Hashmap cleaning should be more thorough

ikeydoherty commented 10 years ago

Due to our use of hashmap, we still show a large amount of memory reachable upon program exit. Whilst some may argue it's not the biggest issue as its indeed not directly lost memory, it would seem to indicate that the existing hashmap implementation is too fast and loose with allocation.

==3701== 28,672 bytes in 1 blocks are still reachable in loss record 1 of 2
==3701==    at 0x4C2B6A6: calloc (in /usr/lib64/valgrind/vgpreload_memcheck-amd64-linux.so)
==3701==    by 0x40722F: allocate_tile.part.1 (hashmap.c:94)
==3701==    by 0x4075C6: hashmap_put (hashmap.c:446)
==3701==    by 0x404100: main (main.c:120)
==3701== 
==3701== 159,744 bytes in 1 blocks are still reachable in loss record 2 of 2
==3701==    at 0x4C2B6A6: calloc (in /usr/lib64/valgrind/vgpreload_memcheck-amd64-linux.so)
==3701==    by 0x40722F: allocate_tile.part.1 (hashmap.c:94)
==3701==    by 0x407380: hashmap_new (hashmap.c:189)
==3701==    by 0x404099: main (main.c:112)
==3701== 
==3701== LEAK SUMMARY:
==3701==    definitely lost: 0 bytes in 0 blocks
==3701==    indirectly lost: 0 bytes in 0 blocks
==3701==      possibly lost: 0 bytes in 0 blocks
==3701==    still reachable: 188,416 bytes in 2 blocks
==3701==         suppressed: 0 bytes in 0 blocks

I'll follow up with a solution should I find one, simply tracking this here.

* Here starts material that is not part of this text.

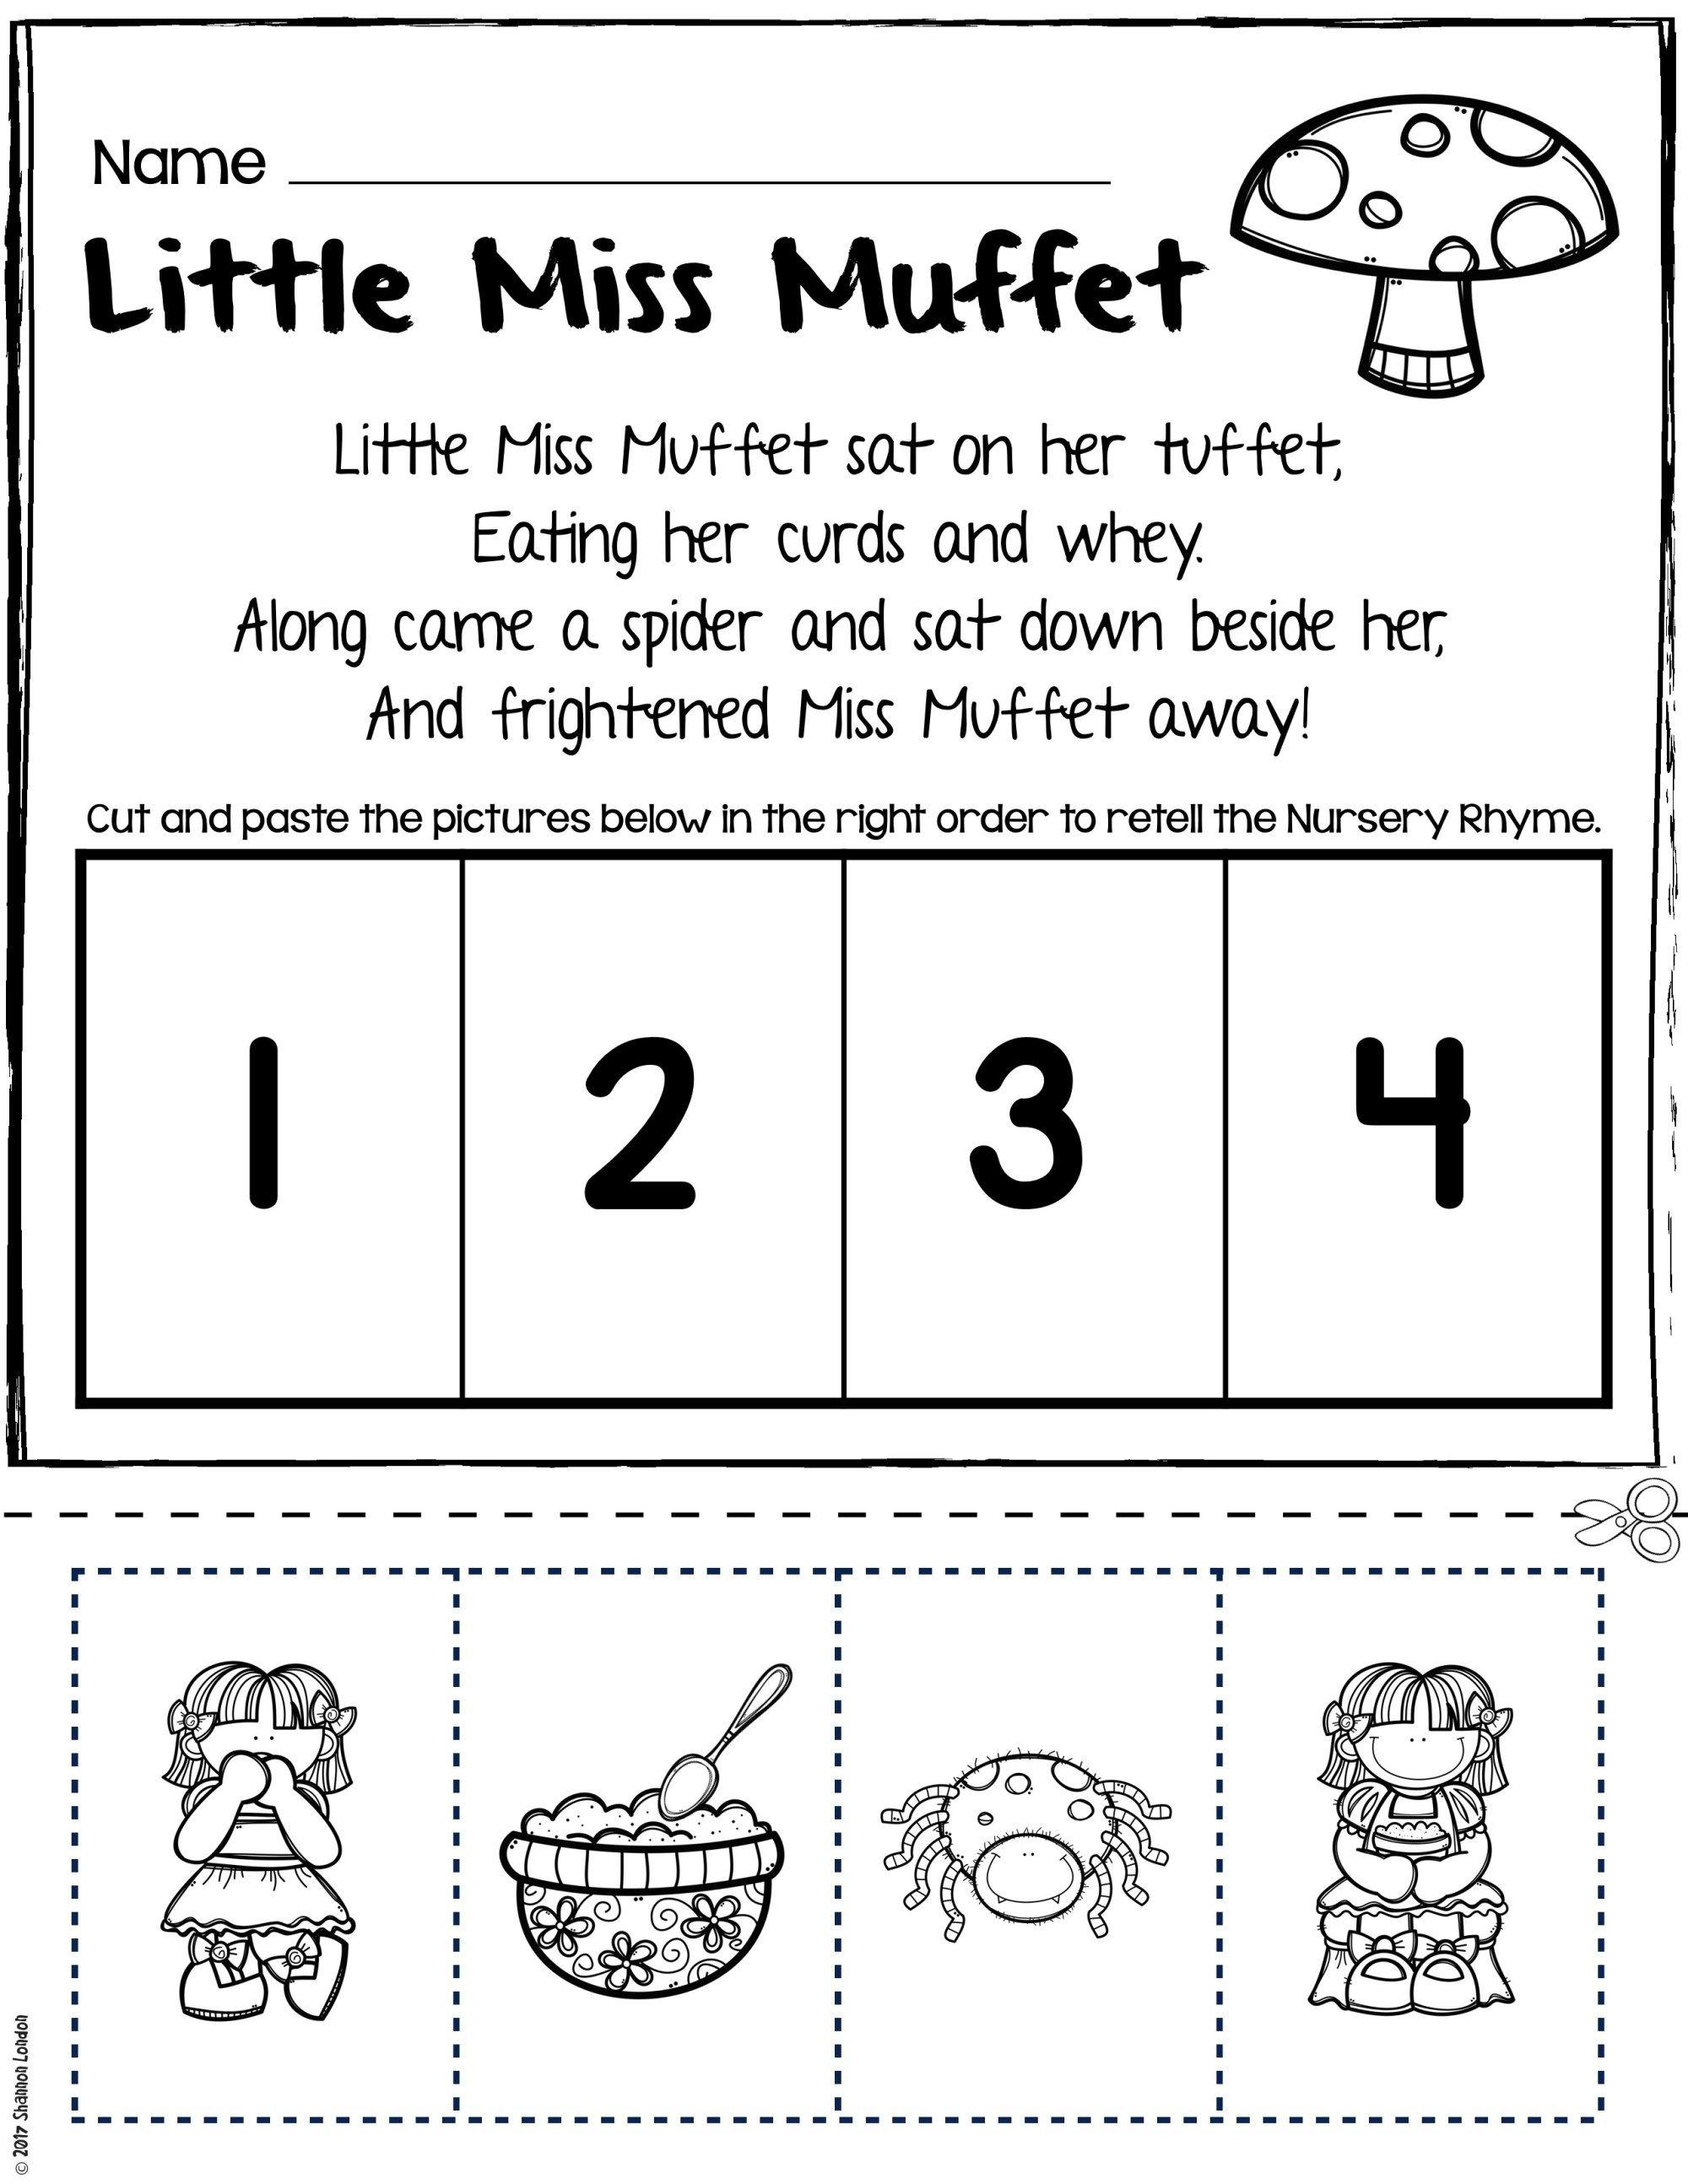 Teach Story Retelling With Nursery Rhymes
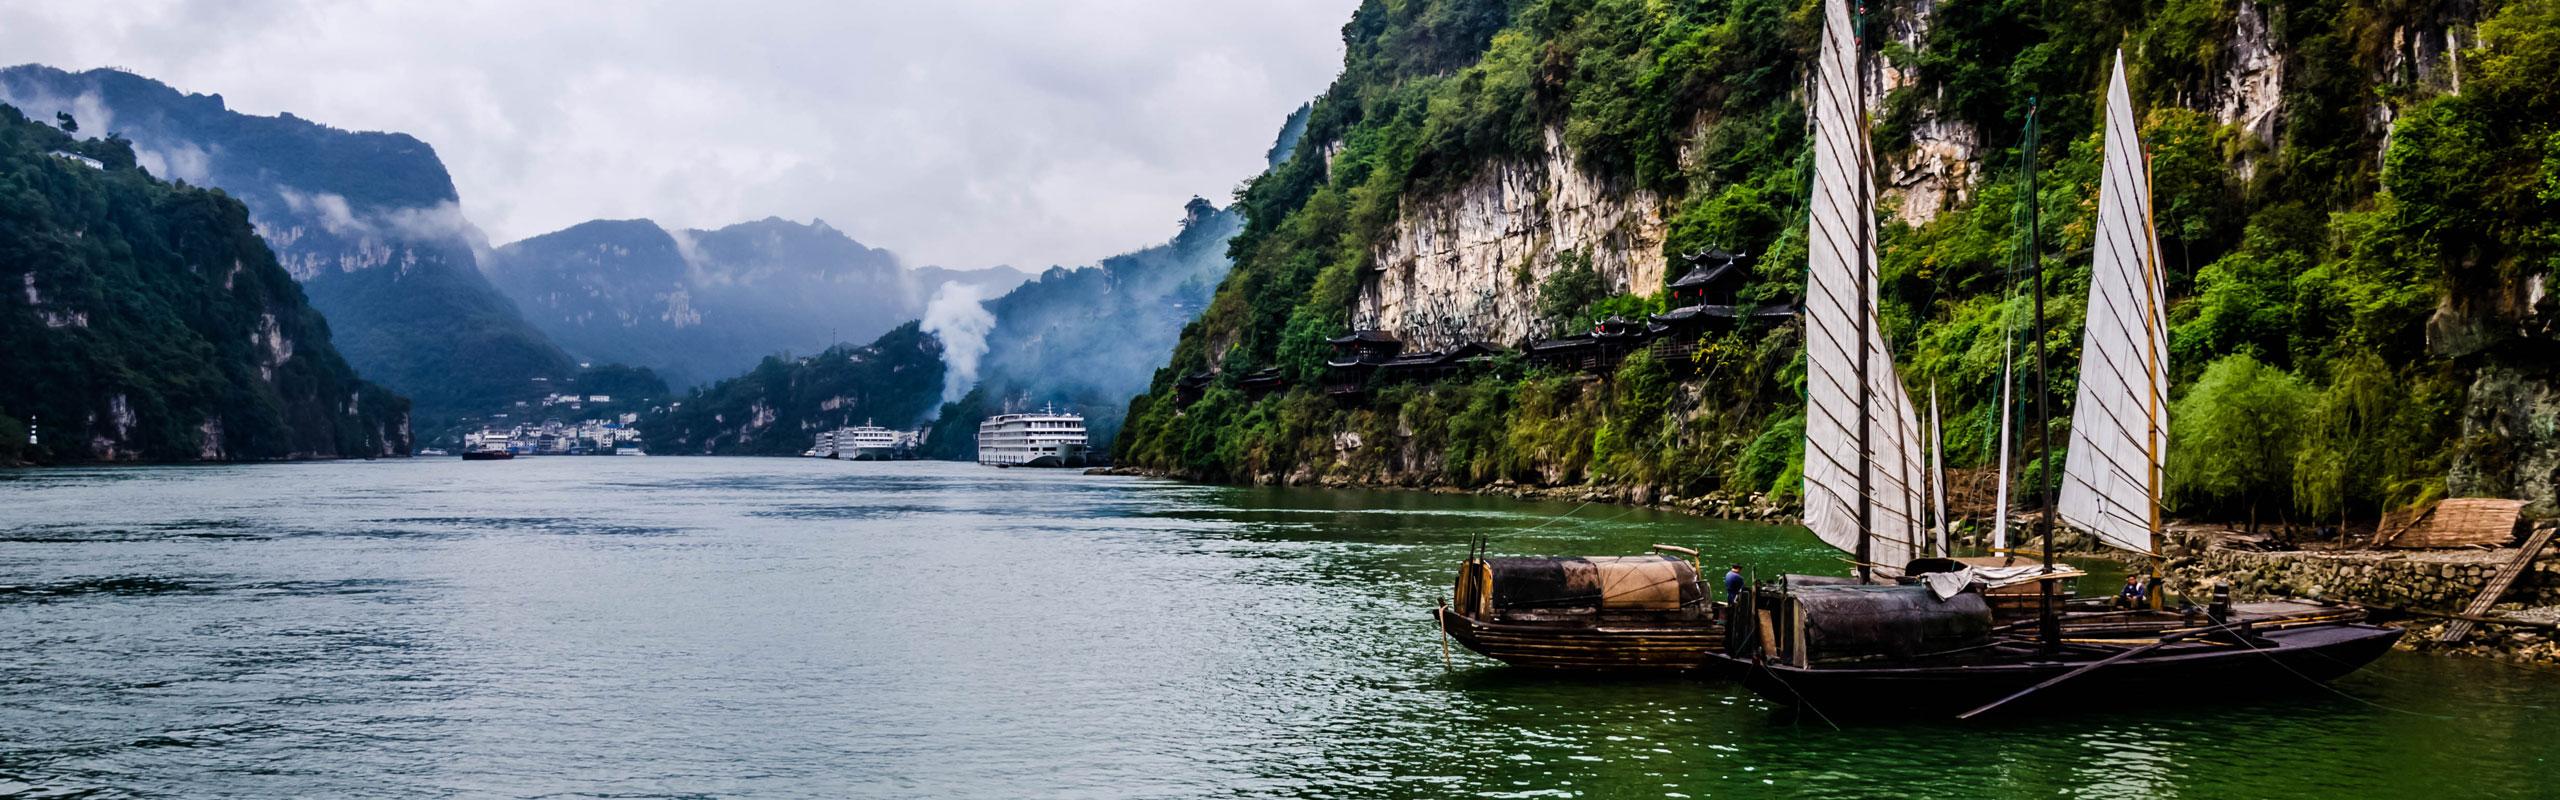 12-Day Beijing, Xi'an, Yangtze River, and Shanghai Tour

ikeydoherty commented 10 years ago

Note from a create-group operation with buxtonctl (above was just running and doing noop):

4-linux.so)
==3746==    by 0x40722F: allocate_tile.part.1 (hashmap.c:94)
==3746==    by 0x407380: hashmap_new (hashmap.c:189)
==3746==    by 0x404099: main (main.c:112)
==3746== 
==3746== 159,744 bytes in 1 blocks are still reachable in loss record 4 of 4
==3746==    at 0x4C2B6A6: calloc (in /usr/lib64/valgrind/vgpreload_memcheck-amd64-linux.so)
==3746==    by 0x4E3800F: allocate_tile.part.1 (hashmap.c:94)
==3746==    by 0x4E38160: hashmap_new (hashmap.c:189)
==3746==    by 0x4E39150: setup_callbacks (protocol.c:66)
==3746==    by 0x4E351B4: buxton_open (lbuxton.c:97)
==3746==    by 0x404A4E: main (main.c:291)
==3746== 
==3746== LEAK SUMMARY:
==3746==    definitely lost: 0 bytes in 0 blocks
==3746==    indirectly lost: 0 bytes in 0 blocks
==3746==      possibly lost: 0 bytes in 0 blocks
==3746==    still reachable: 376,832 bytes in 4 blocks
==3746==         suppressed: 0 bytes in 0 blocks
==3746==

bryteise commented 10 years ago

It is allocating quite large blocks to improve speed of use, avoiding hitting allocation early (remember it is from systemd's implementation so they'll not want to impact startup speed due to reallocs because they use hashmap everywhere).

bryteise commented 10 years ago

Switching over to your hashmap would be the goal though I imagine. Is that in the TODO?

ikeydoherty commented 10 years ago

Eventual switch over or ensure correct alignment throughout the lifetime of this hashmap. Tbh I'd prefer a new one :) It's not in the TODO, want me to open up a quick change?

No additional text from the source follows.